Opinion

What Joyce Echaquan Knew

Pam Palmater: Systemic racism in health care continues because it has been normalized, ignored and denied, while the system places an onerous burden on First Nations peoples to prove racist hospital treatment

A woman smudges during a march to demand justice and raise awareness for Echaquan (Christinne Muschi/Reuters)

A woman smudges during a march to demand justice and raise awareness for Echaquan (Christinne Muschi/Reuters)

Dr. Pam Palmater is a member of the Eel River Bar First Nation in New Brunswick and Chair in Indigenous Governance at Ryerson University.

Imagine being hospitalized with a serious health condition and instead of being treated with professional care and compassion by the hospital, the last words you hear from hospital staff are that you are a drain on the health-care system and better off dead. This is the experience of Joyce Echaquan, a 37-year-old Atikamekw mother of seven, who used her phone to record hospital staff in Joliette, Que., abusing her with racist and misogynistic insults before she died. A First Nations woman who dies after being told she would be better off dead raises serious questions about the impacts of systemic racism on the lifespan of First Nations.

A recent study published by the Canadian Medical Association Journal found that Indigenous peoples have a 30 per cent higher death rate post-surgery than non-Indigenous patients. Further, Indigenous patients suffered higher rates of post-surgical complications and hospital readmissions. We also know that cancer rates for First Nations are increasing and that First Nations women fare far worse in terms of breast cancer survival rates than non-First Nations patients. Many studies point to a lack of access to cancer screening, health-care supports and hesitancy to seek out medical care due to racist, sexist treatment by health-care professionals.

More than 9,000 people were interviewed for a report called “In Plain Sight: Addressing Indigenous-specific Racism and Discrimination in B.C. Health Care”; 185,000 data sets were reviewed and 600 cases logged. The report found that anti-Indigenous racism in health care is widespread and primarily targets First Nations. Racist stereotypes held by health-care workers about First Nations being drunks, drug seekers or less worthy of care manifest in ways that negatively impact the health and lifespan of First Nations due to denial of service, minimizing health concerns, rough treatment sometimes resulting in injuries, and medical mistakes and misdiagnosis rooted in racist assumptions. This has resulted in lethal outcomes for First Nations, with particular risks for women.
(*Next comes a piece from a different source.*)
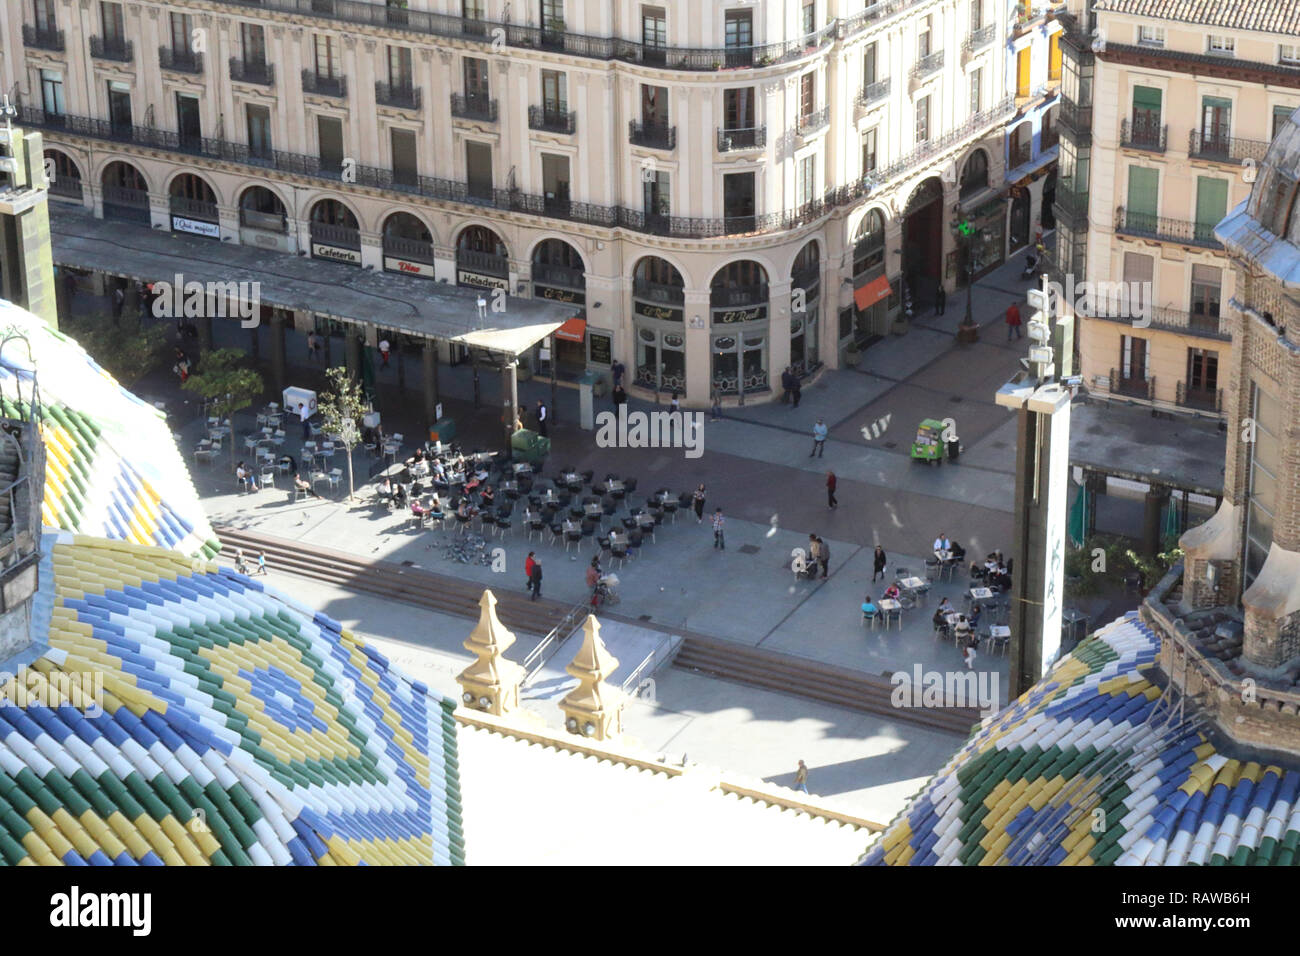 La Plaza del Pilar quadrato come visto dalla cattedrale di Pilar, con alcune terrazze, bar, caffetterie e gente che cammina, in Zaragoza, Aragona, Spagna Foto Stock

None of this is news. There have been many public inquiries, commissions, investigations and coroner’s reports citing the impact of anti-Indigenous racism on health outcomes. The Royal Commission on Aboriginal Peoples issued its report in 1996, outlining racism in Canada’s laws, policies and institutions that has created the poor socio-economic conditions in First Nations that in turn lead to poor health outcomes. The Truth and Reconciliation Commission report in 2015 called for anti-racism training for those educated in the health-care system. Most recently, the National Inquiry into Missing and Murdered Indigenous Women and Girls found Canada—all levels of government and their institutions—guilty of historic and ongoing genocide against Indigenous peoples. The report made a direct link between government and institutional desires to “maintain the status quo and their lack of will to make real change” and the high rates of violence against Indigenous women and their families, especially in the health-care system.
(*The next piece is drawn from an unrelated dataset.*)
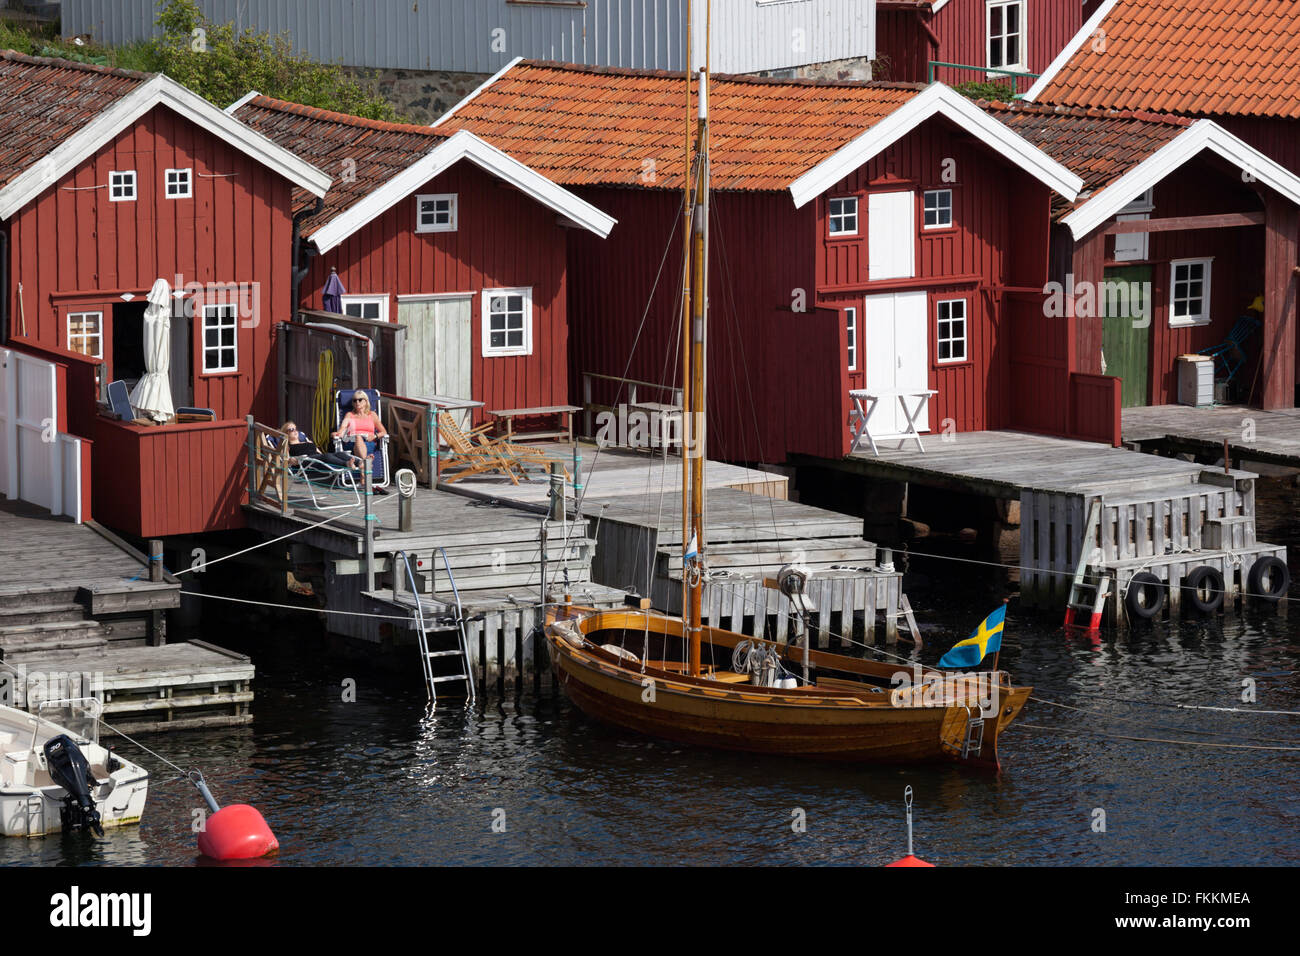 Tradizionale rosso falu case di pescatori, Hälleviksstrand, Orust, Bohuslän, sulla costa sud-ovest della Svezia, Svezia, Scandinavia, Europa Foto Stock

That is exactly what is playing out in Quebec at the coroner’s investigation into racist treatment suffered by Echaquan before her death. Quebec coroner Géhane Kamel, who is investigating the circumstances around Echaquan’s death, has expressed incredulity at the testimony of doctors and nurses from the Joliette hospital: all claim never to have heard racist comments about Atikamekw peoples at their hospital; none say they ever discussed Echaquan’s death. Referencing the testimony of Atikamekw people who expressed fear of the hospital, especially its nurses, Kamel told the hospital staff to be honest. She even wondered aloud whether they had been coached.
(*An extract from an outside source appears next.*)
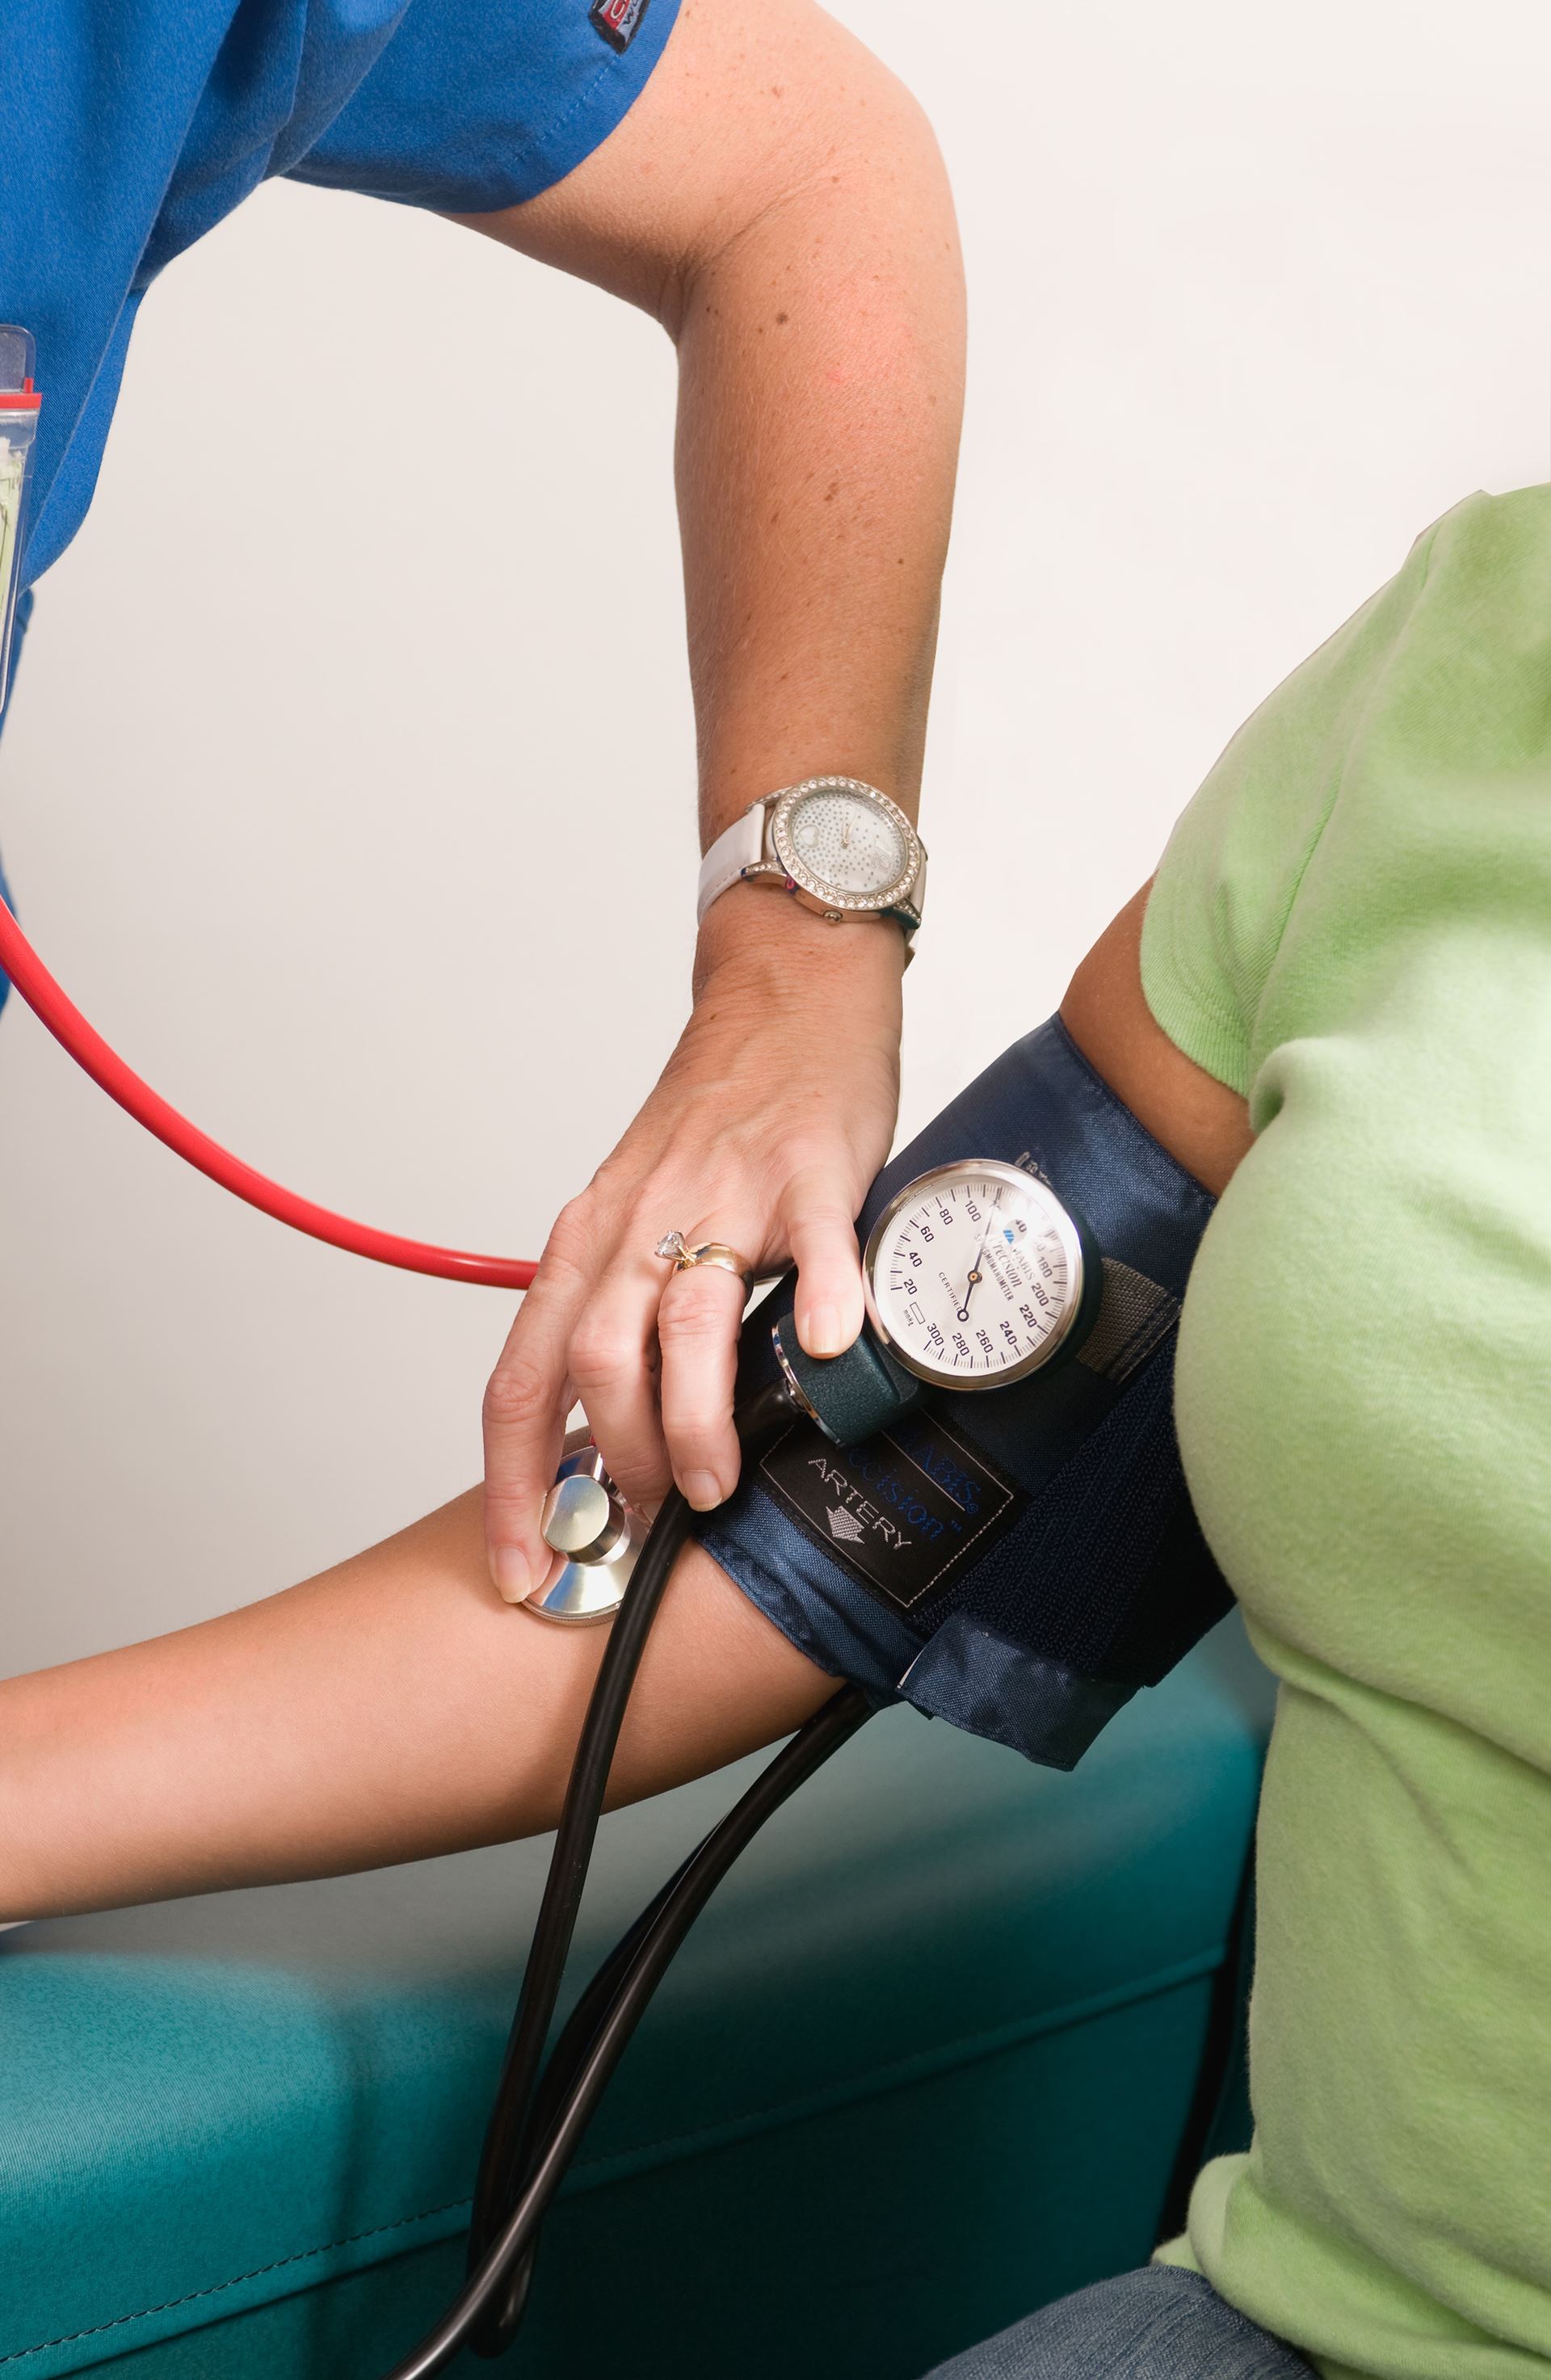 Blood Pressure, Hypertension Form

Therein lies the nature of the problem—systemic racism in health care continues because it has been normalized, ignored and denied by the offenders, who do so with a high degree of impunity. There is even a publication ban on the names of the hospital nurses involved in the investigation. The system has long protected offenders and places an onerous burden on First Nations peoples to prove racist hospital treatment and how it impacts their health. Were it not for Echaquan’s phone recordings, there would be no investigation or media attention on the racist attacks she experienced from hospital staff before her death. Yet, even now, with the video- and audio-recorded evidence, one nurse involved says she isn’t racist—just overworked.

No one wants to be held to account for racism in health care: not the offenders; not the professional health associations and unions; not the educational institutions or governments. Yet, the continued refusal to address systemic racism in health care, particularly against First Nations, perpetuates increasingly poor health outcomes, denial of health care and avoidance of health-care institutions, as well as misdiagnosis and even death. According to medical experts, Echaquan could be alive today had they given her the health care she needed. A few cultural awareness training sessions are not going to address this massive problem, because the problem has never been First Nation cultures; the problem is the racist culture in health care. That’s on them, not us.